Sex differences after trauma have been shown in many studies of isolated or less severe injury with or without hemorrhagic shock. Preclinical studies have demonstrated that females have better outcomes after traumatic brain injury with regards to lesion volume and neuronal death, attenuated postinjury immunosuppression, decreased pulmonary and renal injury after hemorrhagic shock, and improved overall survival (1618). Most of these improved outcomes after injury have been attributed to the protective effects of estrogen (16, 1821). Retrospective analyses have even demonstrated that females are less likely to develop inpatient complications compared to males postinjury (22). Despite this evidence in isolated or less severe injury, there also remains a paucity of data regarding female response and outcomes after severe polytrauma.

We utilized a preclinical model of severe multicompartmental injury to study multiorgan dysfunction in both male and female subjects. Our aim was to characterize acute changes in weight, systemic inflammation, renal injury, anemia, and lung injury at two days postinjury and evaluate recovery from severe trauma after seven days. We hypothesized that both males and females would demonstrate signs of systemic inflammation and organ dysfunction, but that females would have improved recovery by day seven.

METHODS

Animals

Male and female Sprague-Dawley rats (Charles River, Wilmington, MA) aged 9–11 weeks weighing 168 to 386 grams were housed in pairs on arrival in conventional rodent housing with ad lib access to standard irradiated pelleted diet and water. Prior to initiation of the experiment, rats were acclimated to a 12-hour light-dark cycle for at least 72 hours and remained in their same cage for at least 10 days, with housing room temperature range kept at 68–79°F with 30–70% humidity. Rats were separated after enrollment and housed individually for the duration of the study. The protocol was approved by the Institutional Animal Care and Use Committee (IACUC Protocol 202011247) and carried out in accordance with the national Research Council’s Guide for the Care and Use of Laboratory Animals (23).
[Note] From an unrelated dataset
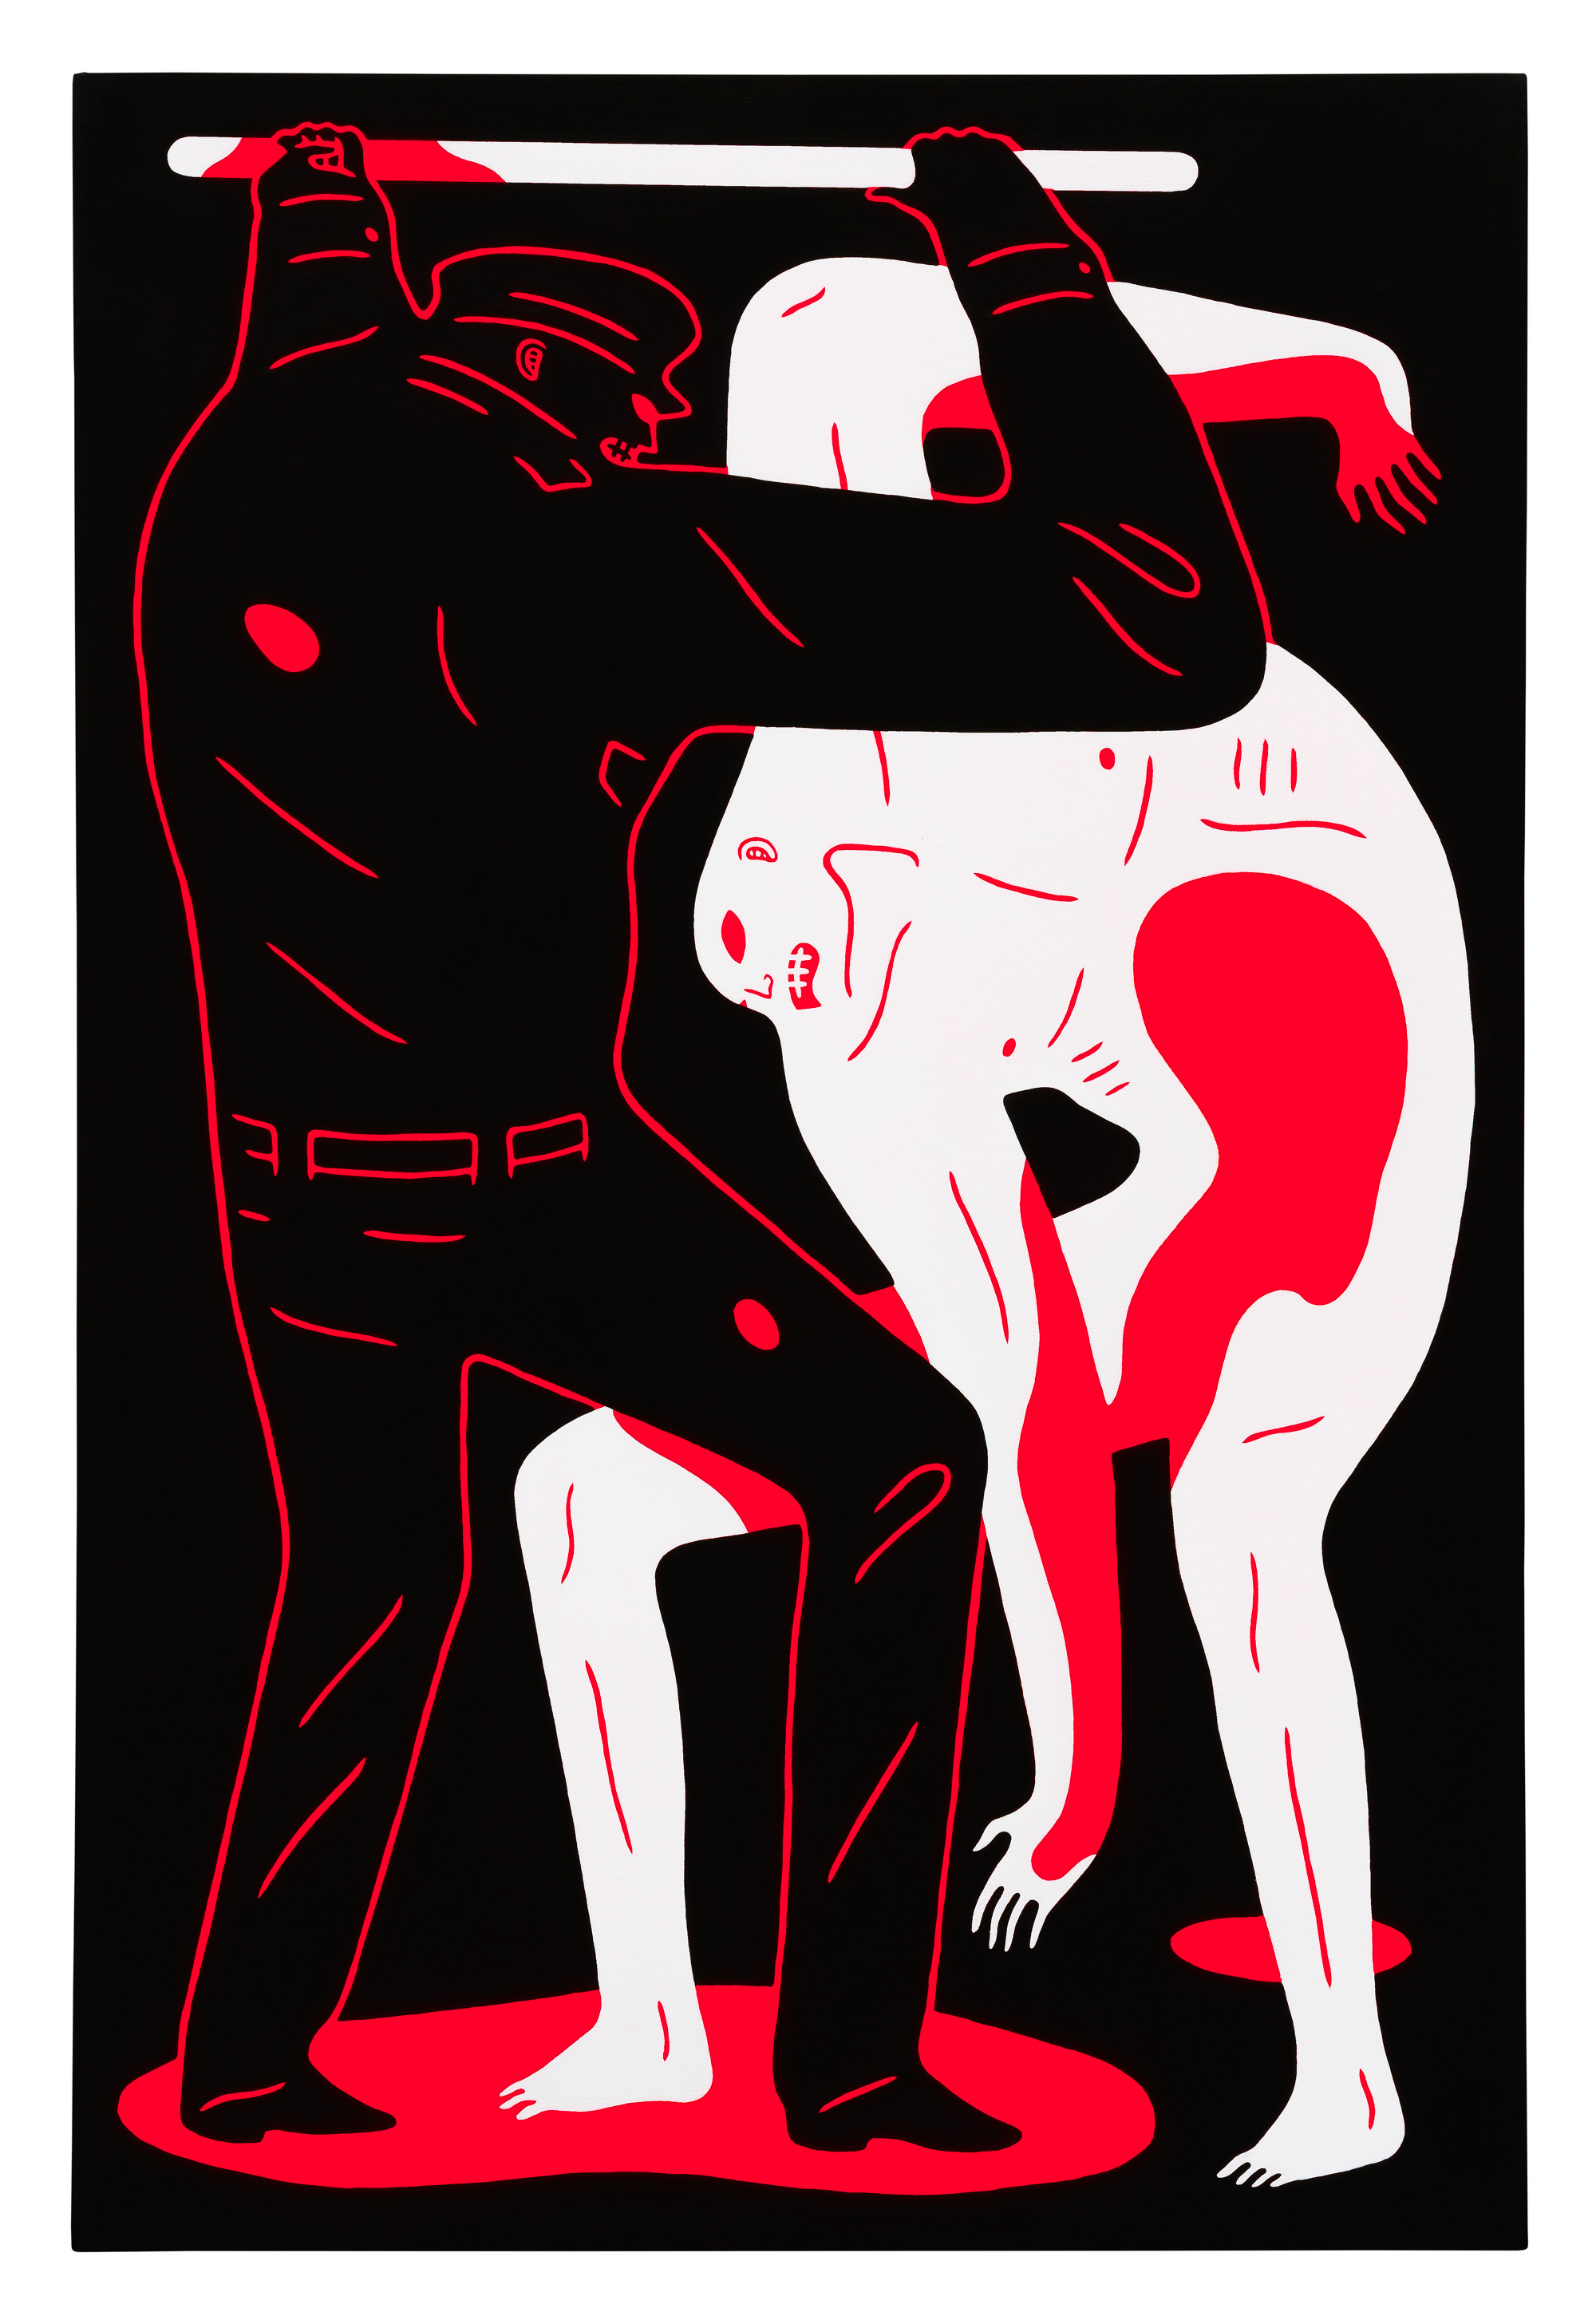 Submission2-cleon-peterson-amadeus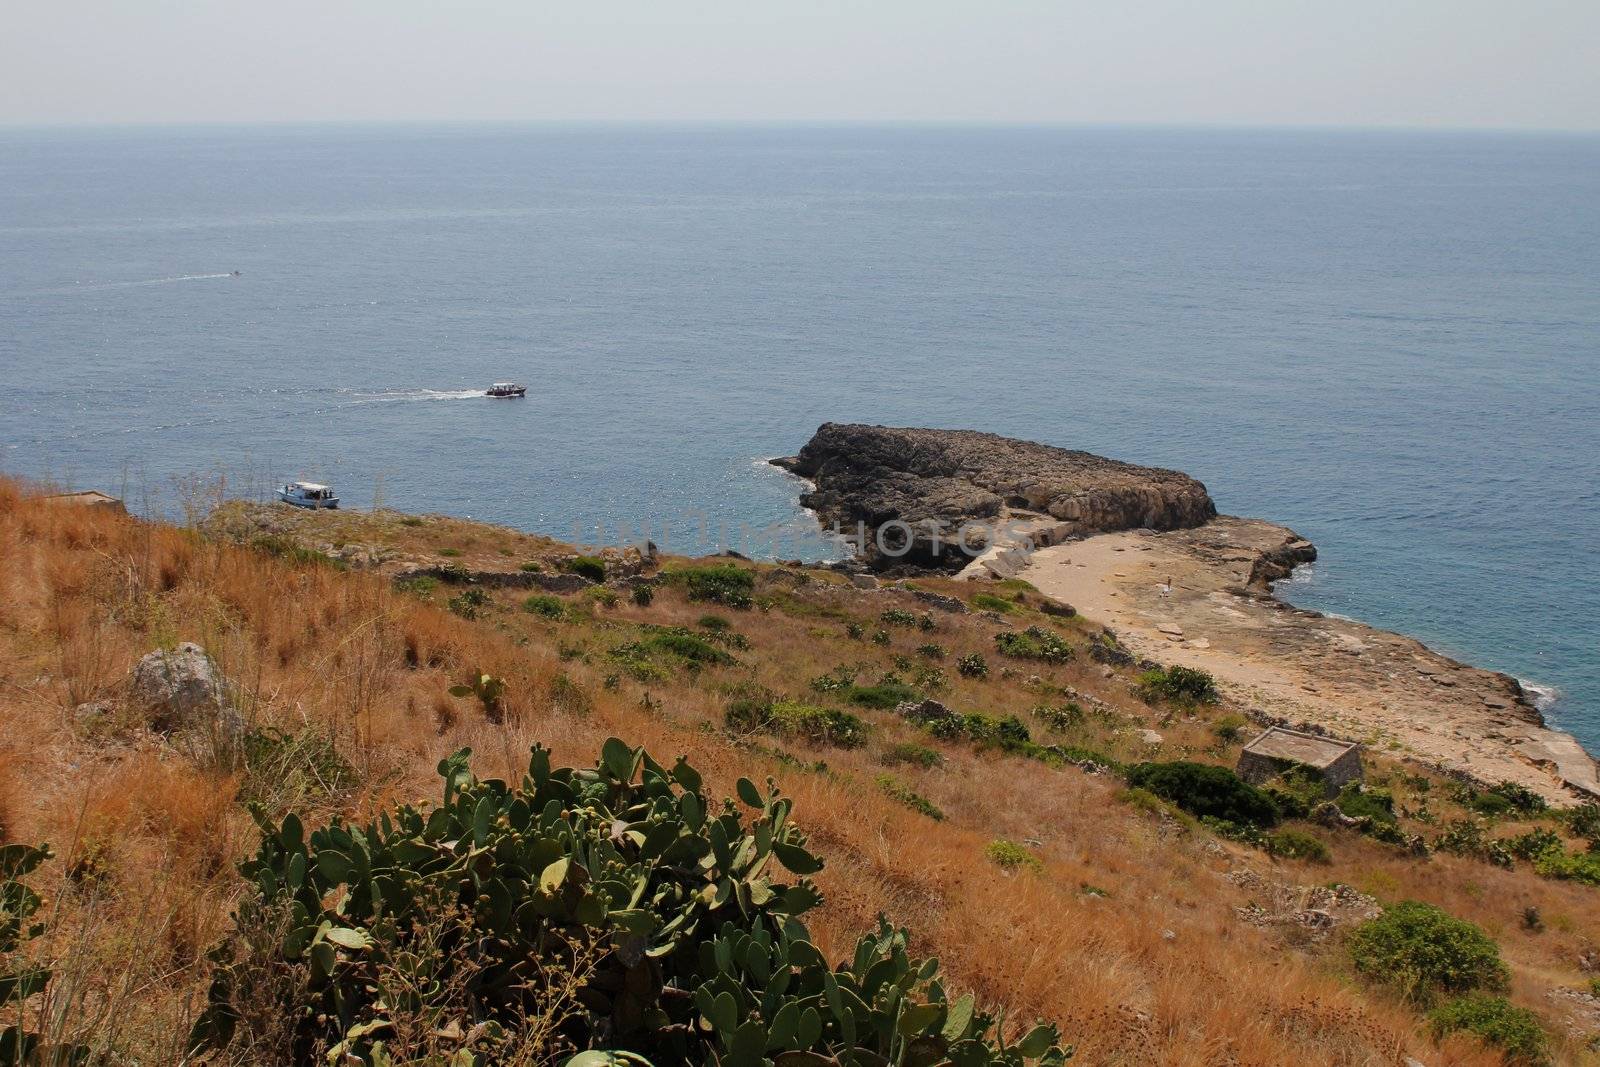 Punta Meliso promontory, in Santa Maria di Leuca, the southeastern extremity of Italy, as well as meeting point of the Adriatic Sea and the Ionian Sea

The ARRIVE guidelines were utilized to ensure proper reporting of methods, results, and discussion (see Supplementary Material 1) (24).

Experimental Design

Rodents were randomly assigned to the following cohorts (n=16/group, with exactly 8 males and 8 females within each group): naïve or polytrauma (PT) for a duration of either two or seven days similar to previously described (25, 26). A total of 72 rats were studied: 64 were assigned to groups and 8 were donors for pseudofracture. A power analysis demonstrated that a minimum of eight rats are needed per group to identify a 30% change, assuming greater than 80% incidence in control rats at baseline. Injuries were chosen to represent blunt chest trauma, hemorrhage, intestinal injury, and lower extremity fractures (PT). Cohorts were unable to be blinded during animal care due to the presence of incisions on experimental groups. Animals were euthanized on postoperative day two or seven unless a humane endpoint was met prior; rats were evaluated and scored twice daily based on set criteria developed with animal care veterinarians (Supplementary Material 2).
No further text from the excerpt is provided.